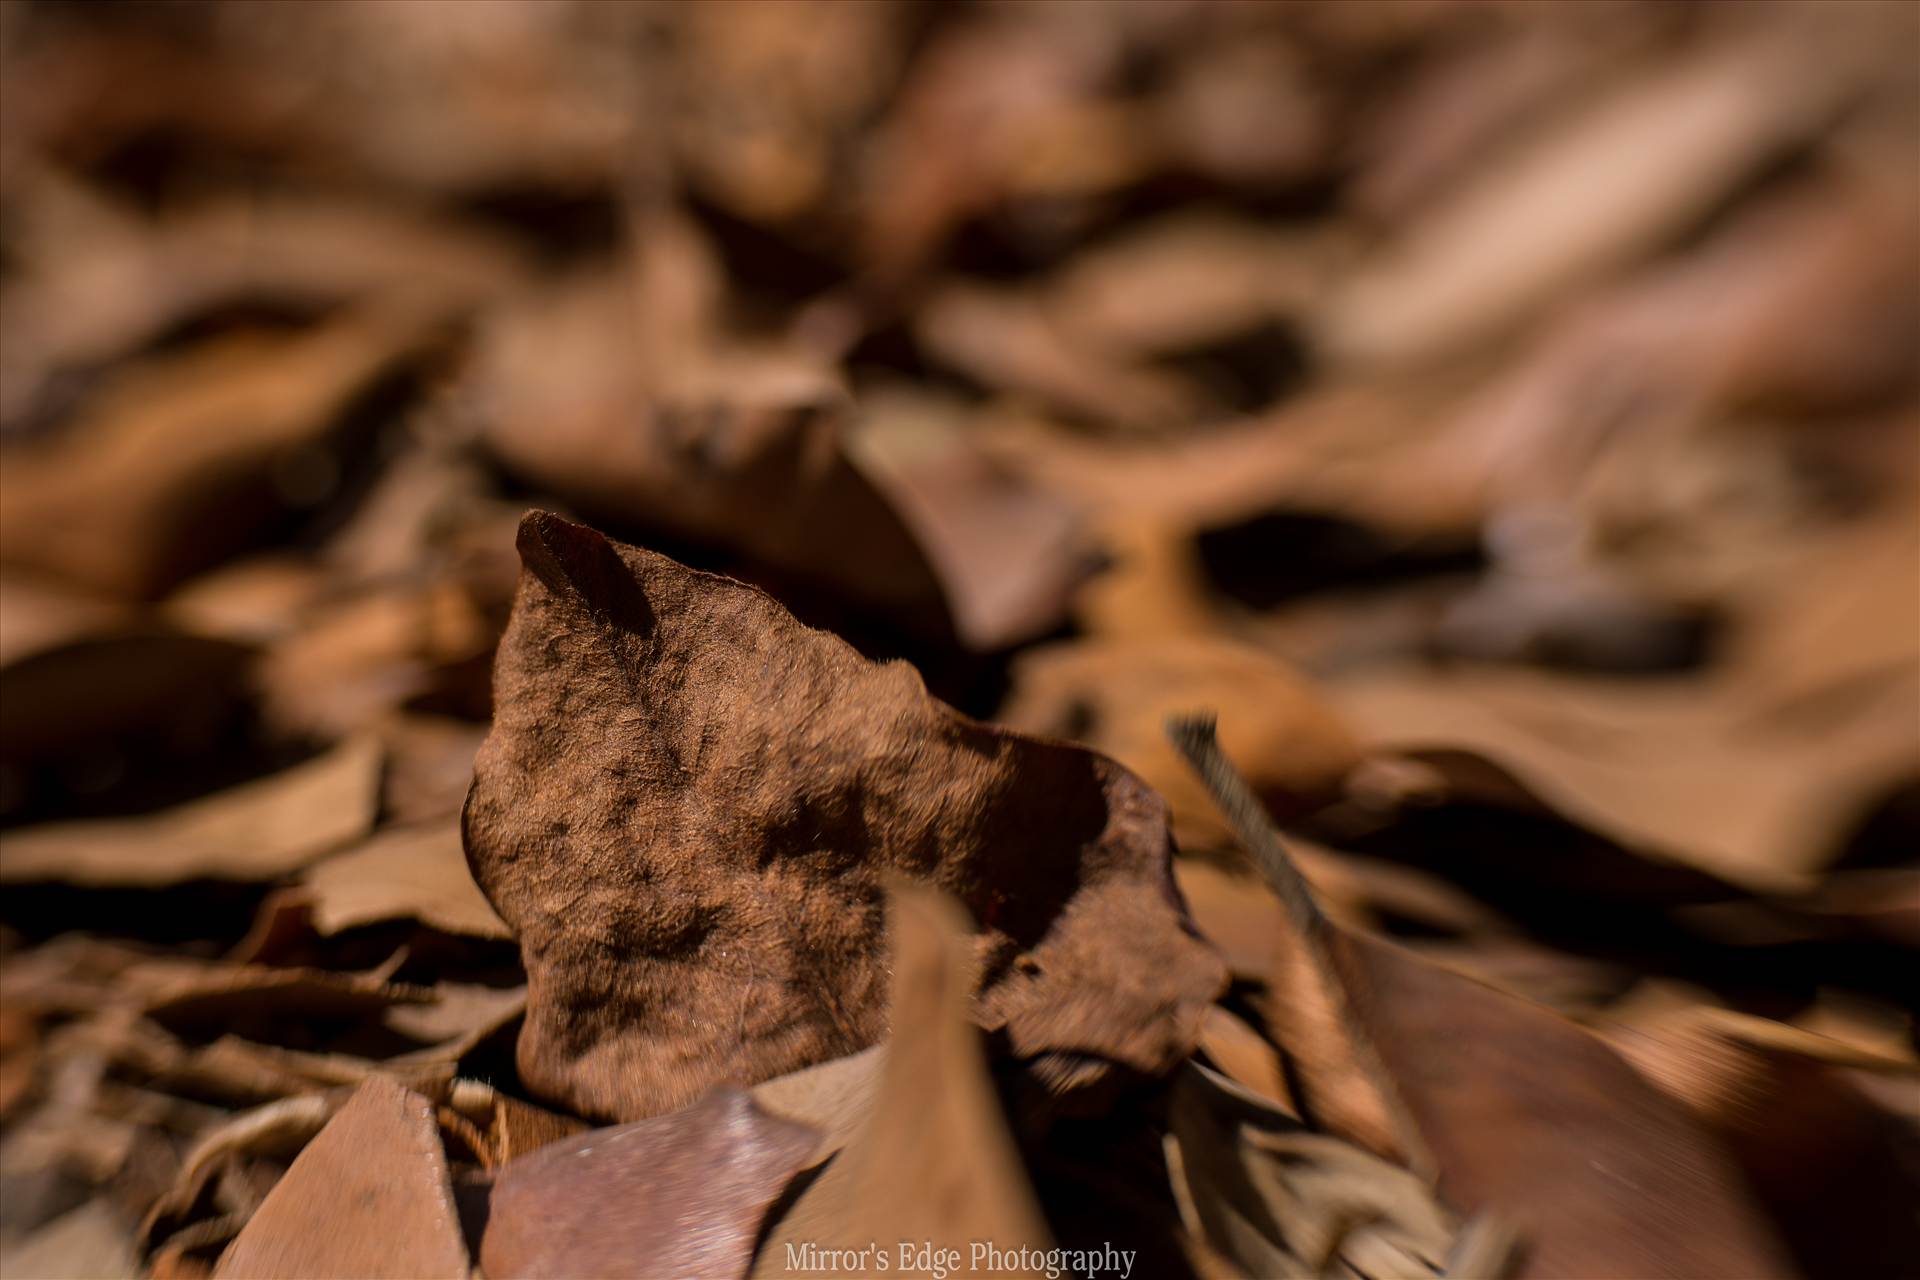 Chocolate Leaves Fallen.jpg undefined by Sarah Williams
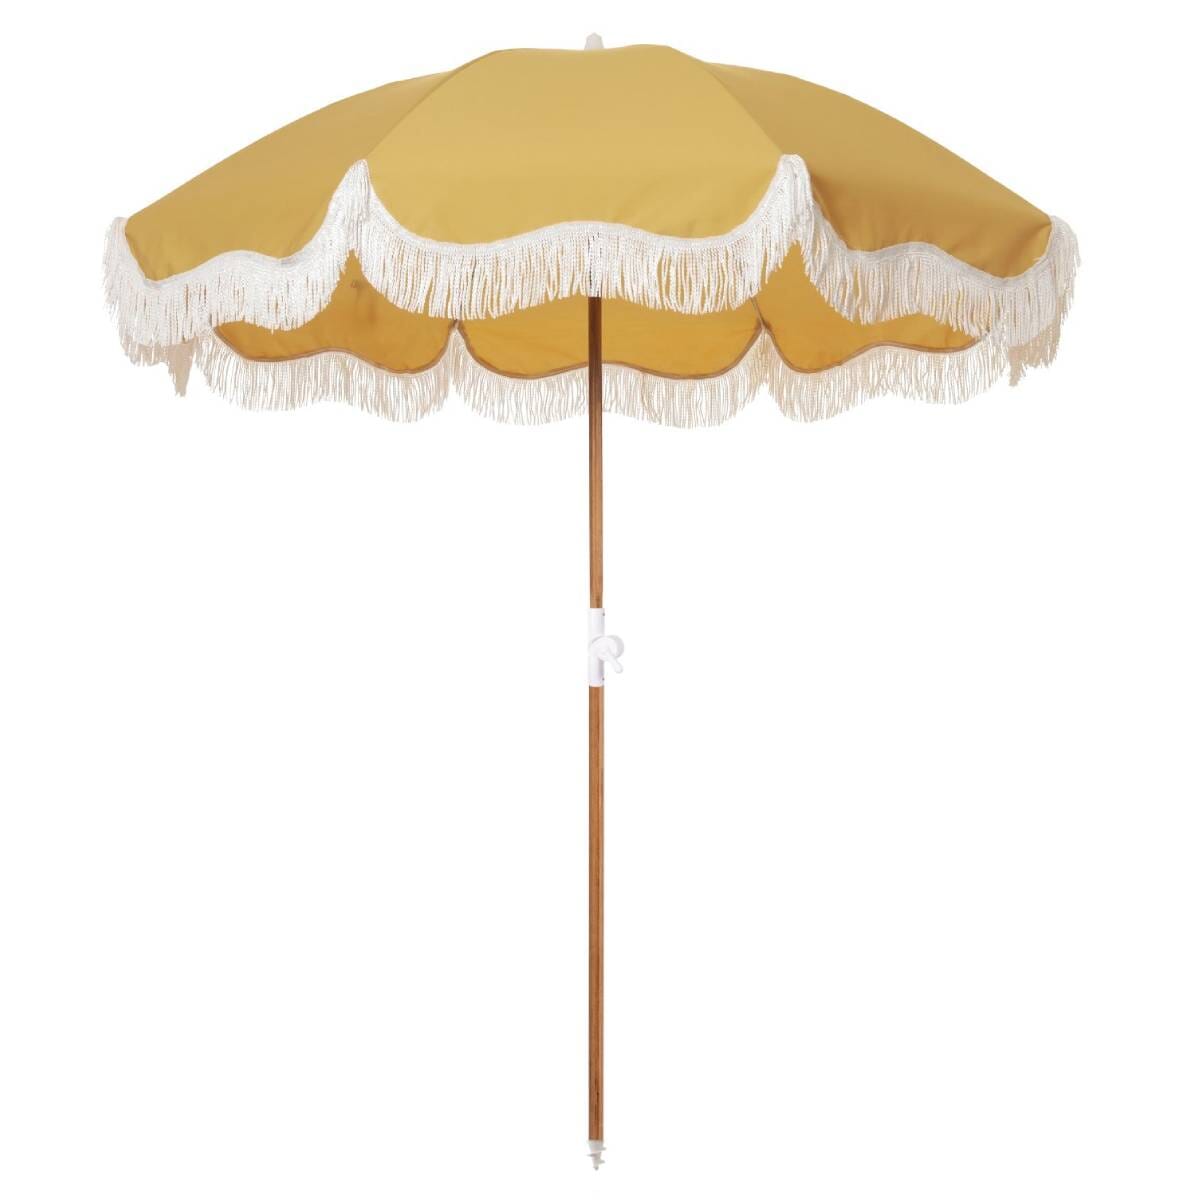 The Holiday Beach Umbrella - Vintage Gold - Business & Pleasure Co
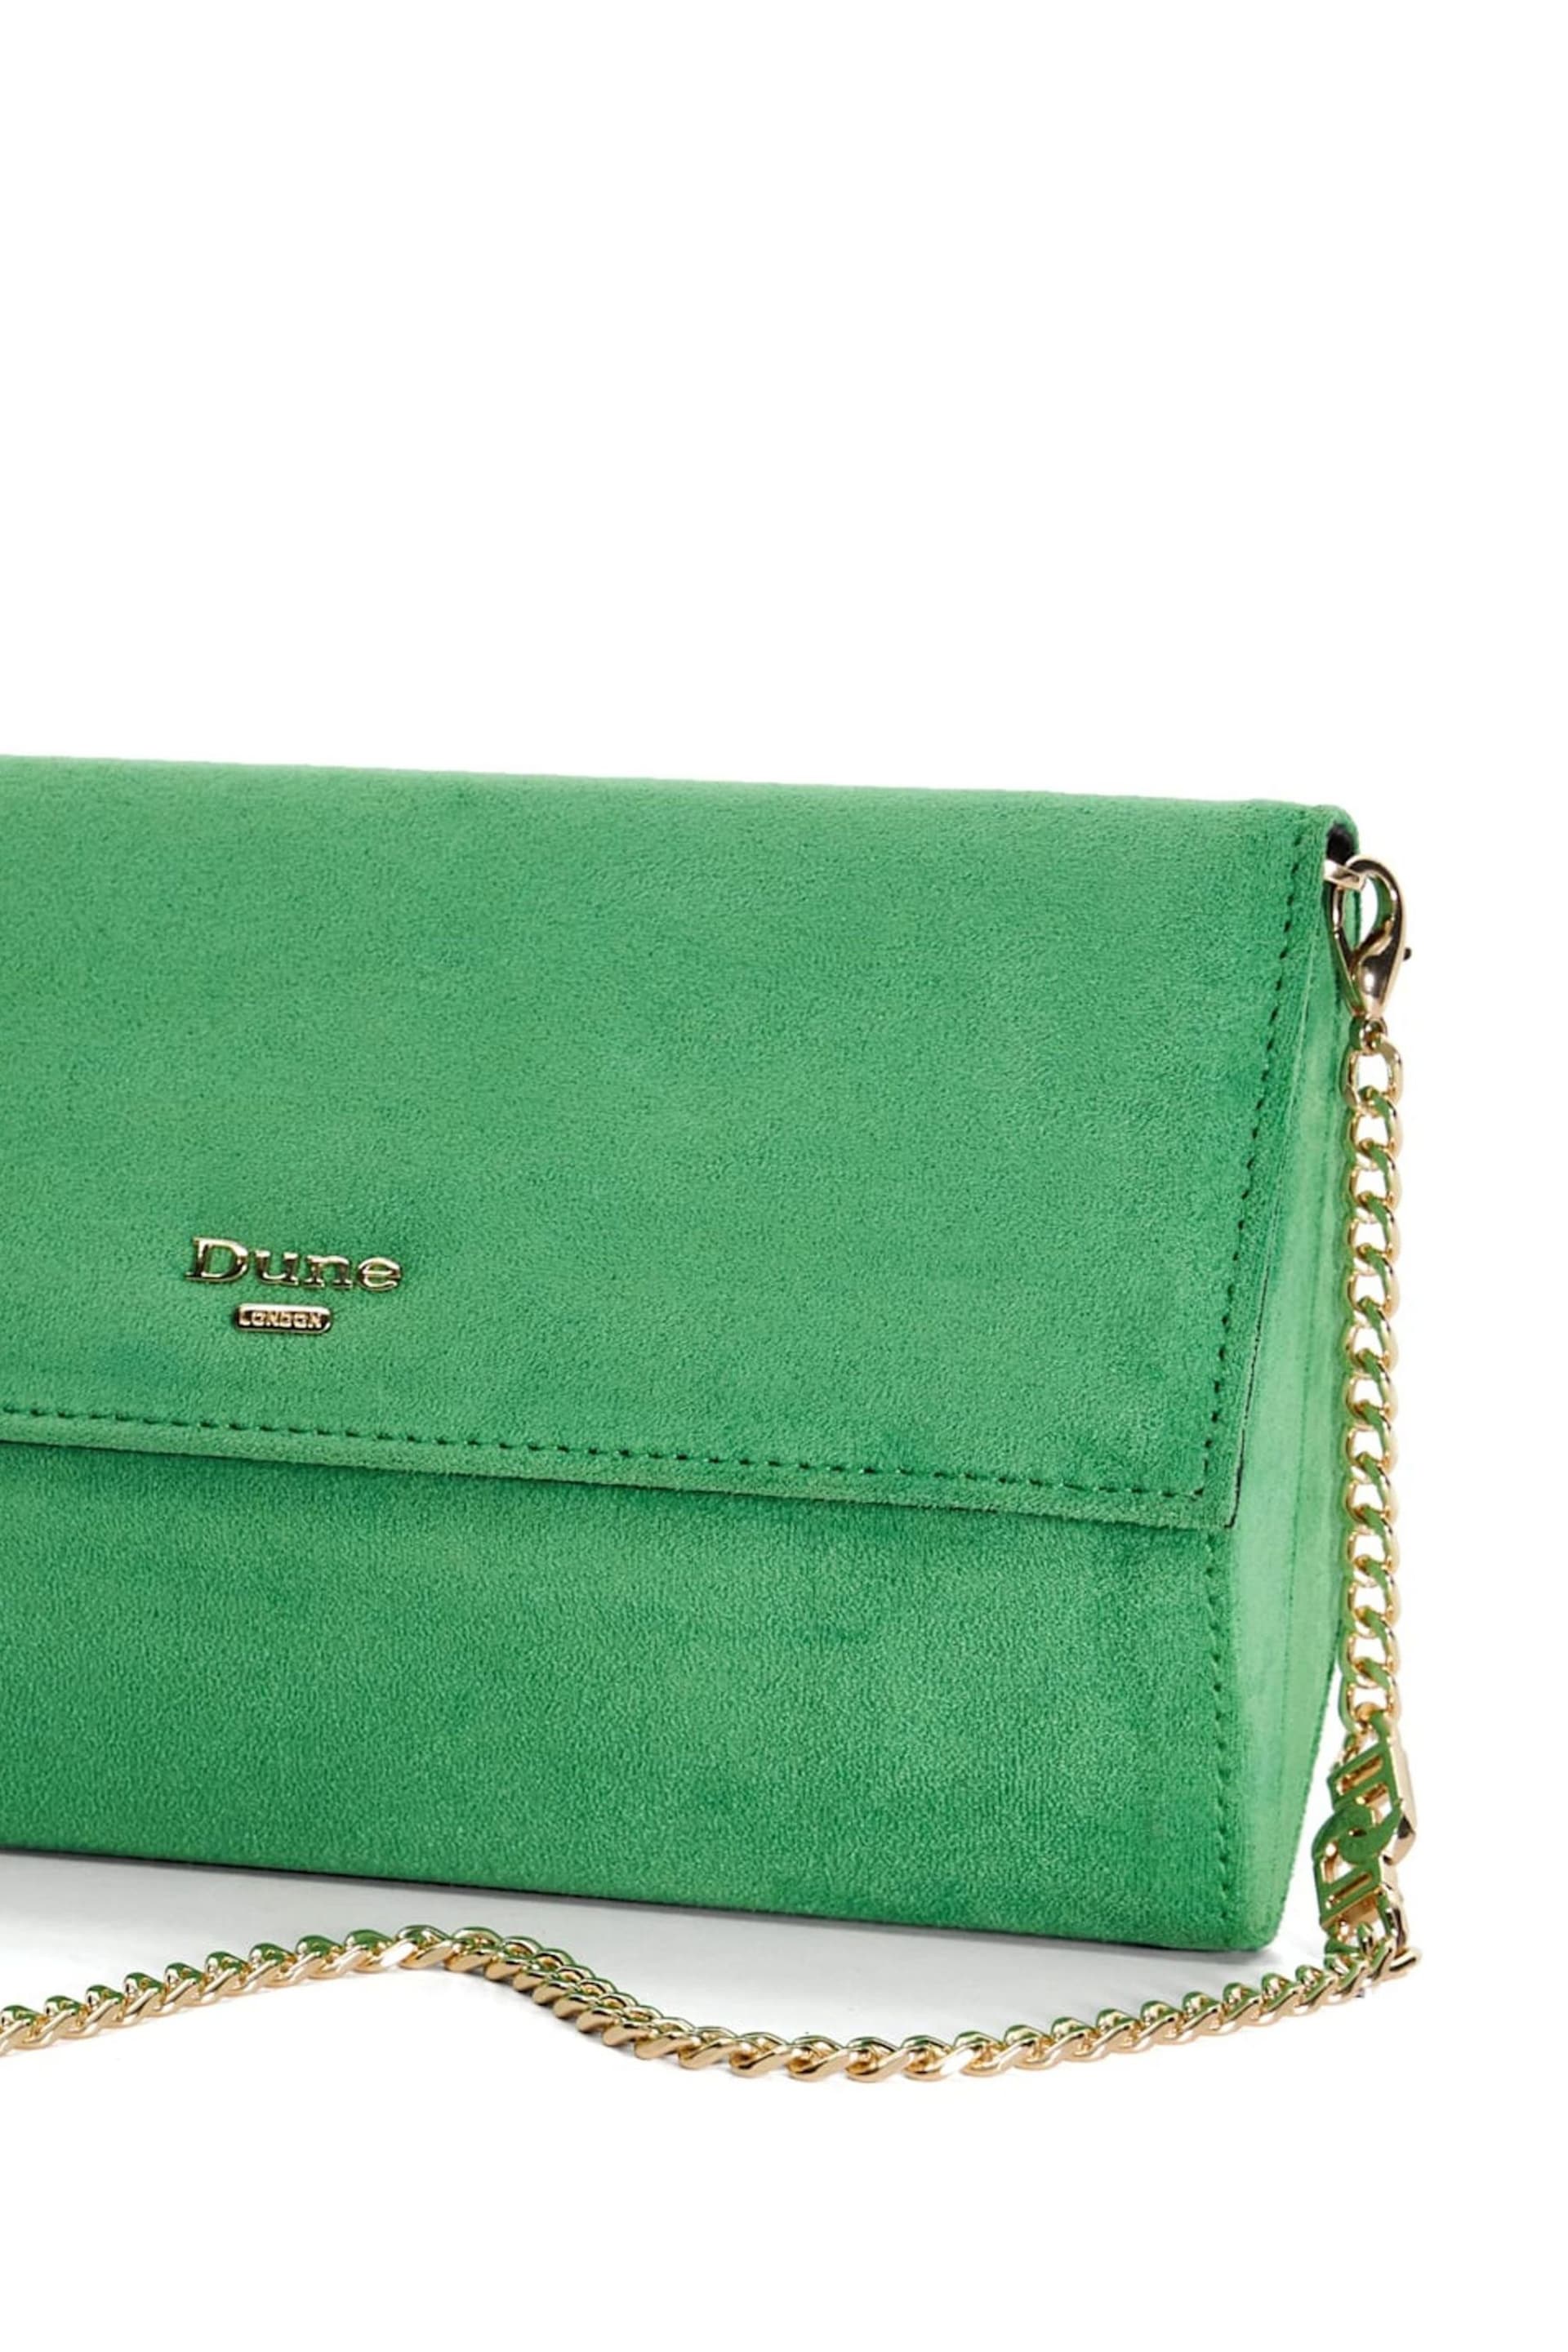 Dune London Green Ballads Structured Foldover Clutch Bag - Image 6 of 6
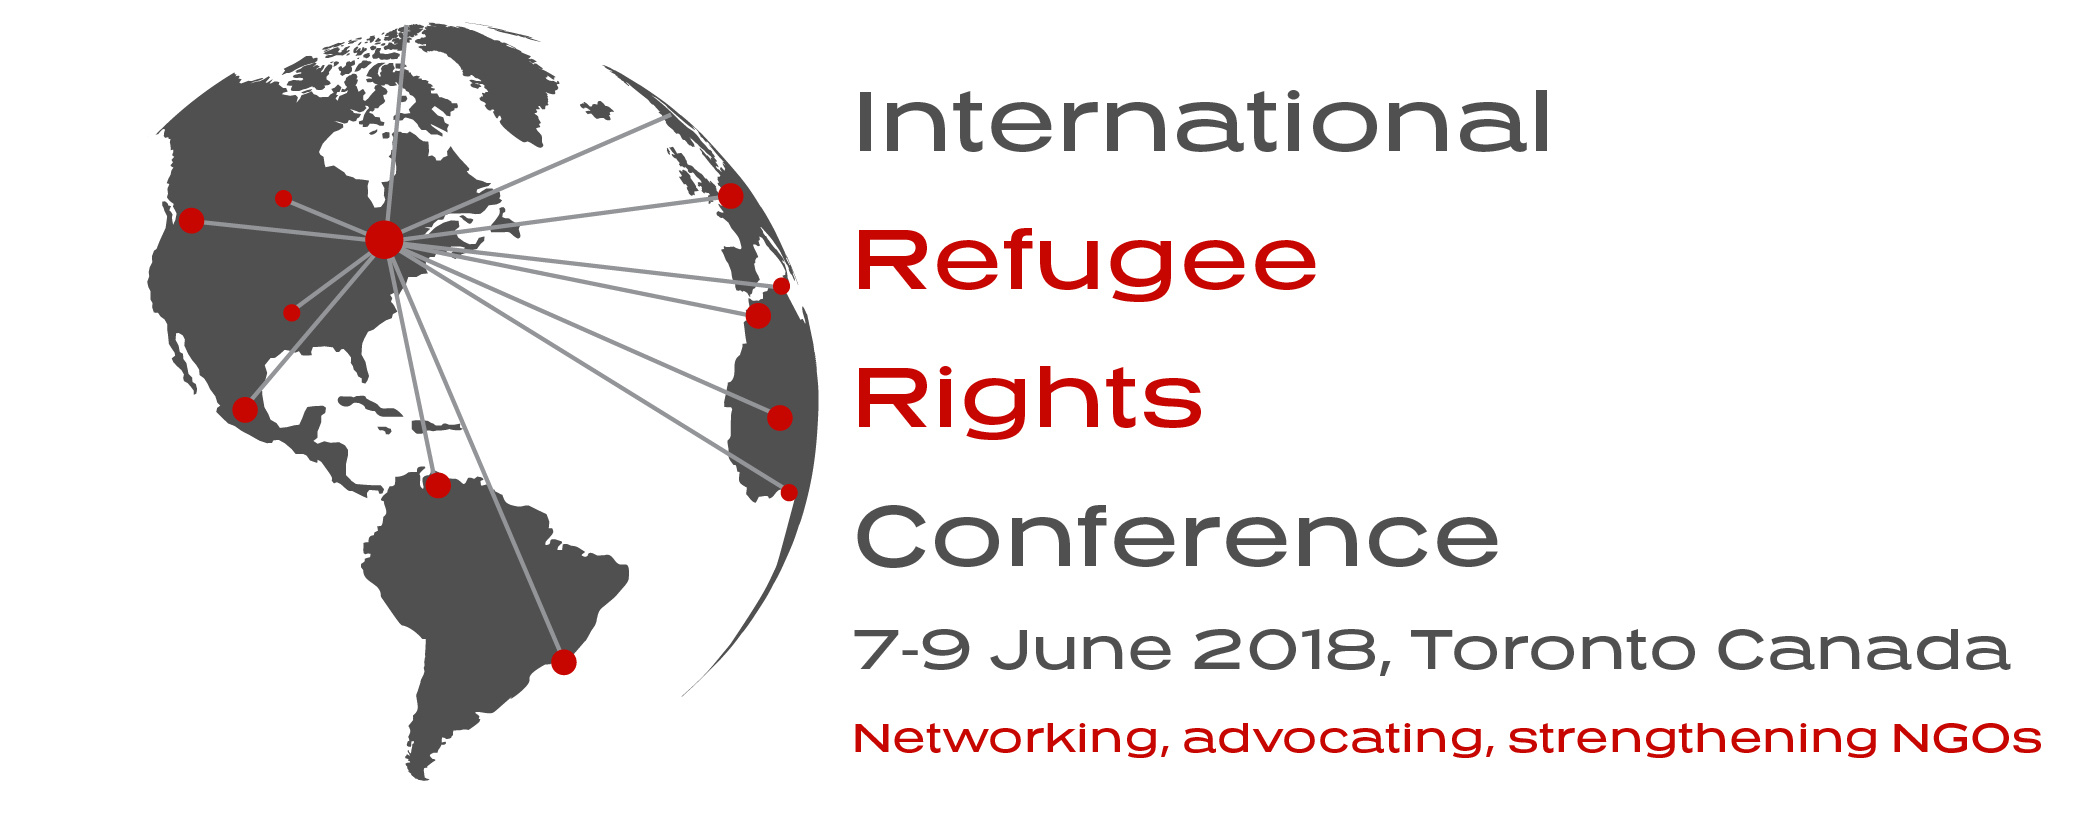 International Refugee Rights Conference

**Your assignment**
Take the line containing "Dune London Green" as the first line and the last line of the data above as the final one, and output exactly the lines between them, inclusive, with no pictures.

**Output for this exercise**
 Dune London Green Ballads Structured Foldover Clutch Bag - Image 6 of 6
 International Refugee Rights Conference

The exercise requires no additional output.